This article gives more information, and links to vendor advisories: http://www.linuxsecurity.com/articles/security_sou rces_article-4582.html.

Re:more info please

http://online.securityfocus.com/advisories/3941

Some More Links

[Zach+Garner]

Some More Links.

Linux only?

[egoots]

zlib is not os dependent. Many Windows based products/projects use it as well. Is there some linux specific issues related to this overflow issue?... or is it just a headline hype thing

Re:more info please

[Iguanaphobic]

Here.

Credit where credit is due...

[ubiquitin]

Owen Taylor at RedHat found the bug. He works on GTK among other things, as you can see from the GTK+ release notes he posted earlier this month: mail.gnome.org/archives/gtk-devel-list/2002-March/ msg00161.html

Dumb security question

[wrinkledshirt]

On the stuff I've been reading about finding and fixing buffer overflows, it seems like it's generally not too hard to spot where these things could potentially happen.

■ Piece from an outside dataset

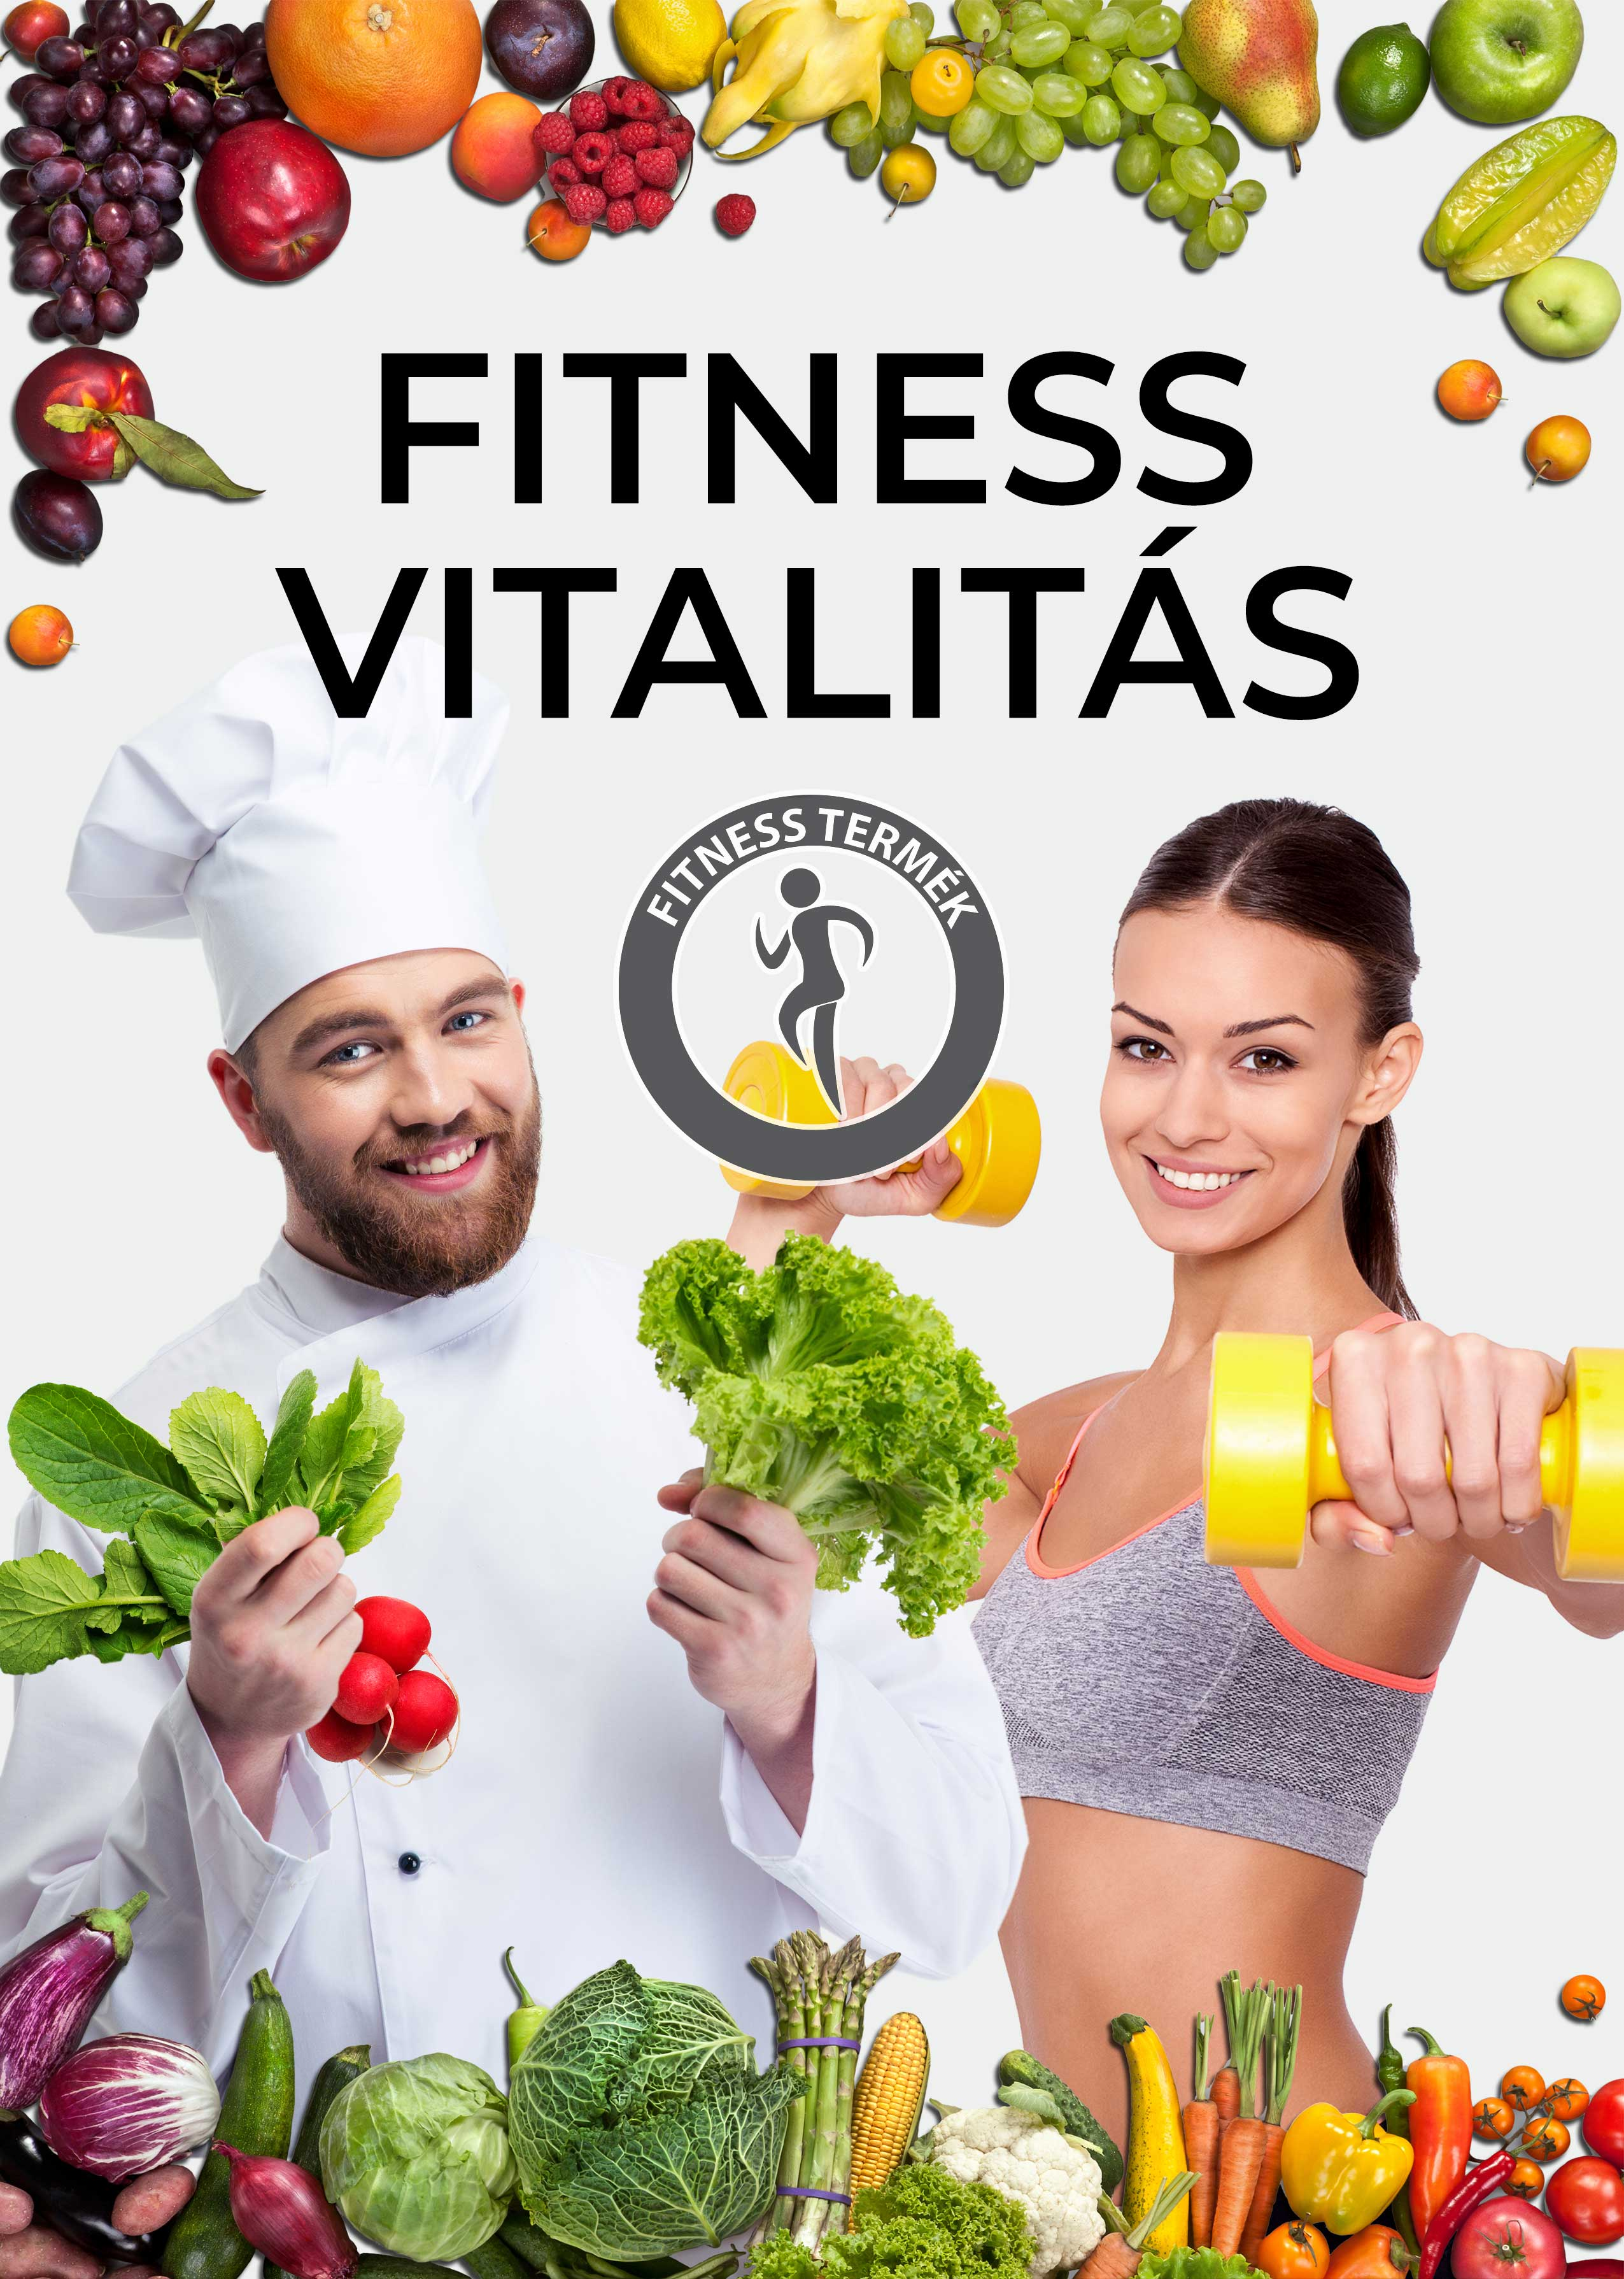 Fitness-vitalitás katalógus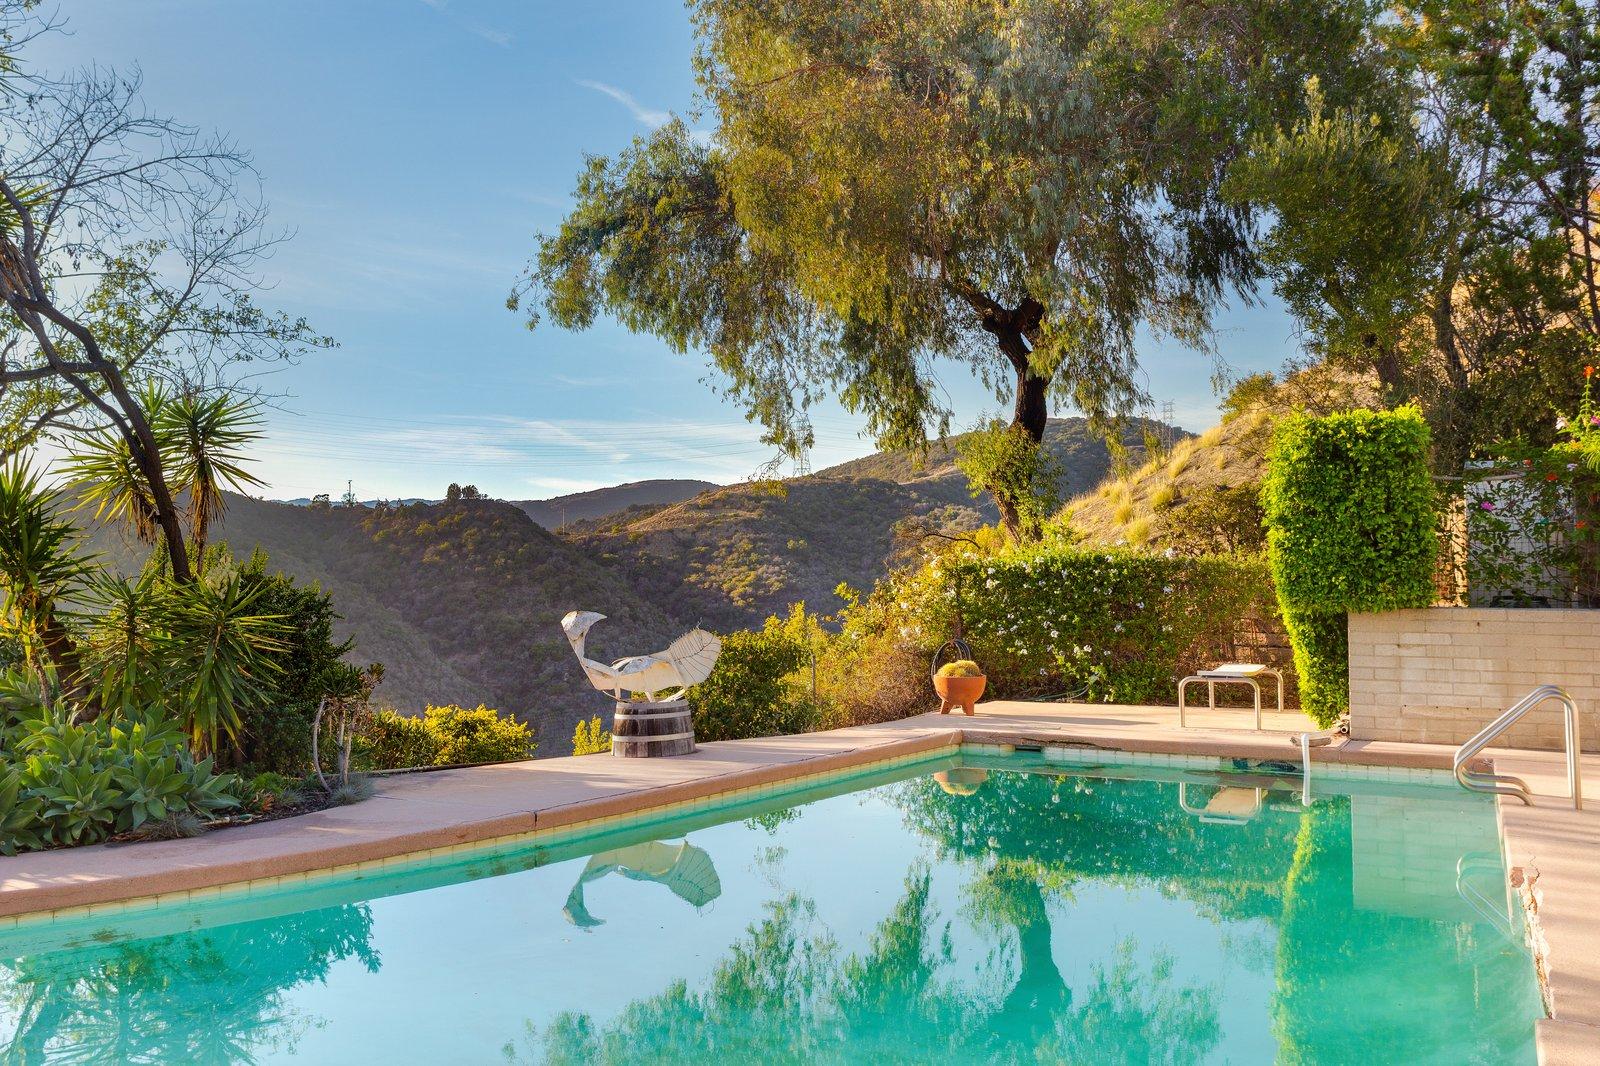 Midcentury modern Neutra home poolside views

My question is this: How feasible would it be for someone to take a computer and have it do nothing but pattern-matching through all the source code in a typical Linux distribution, looking specifically for problem areas like these? Obviously we couldn't rely on it as a foolproof audit, but has something like this ever been considered?

Re:Dumb security question

[SirSlud]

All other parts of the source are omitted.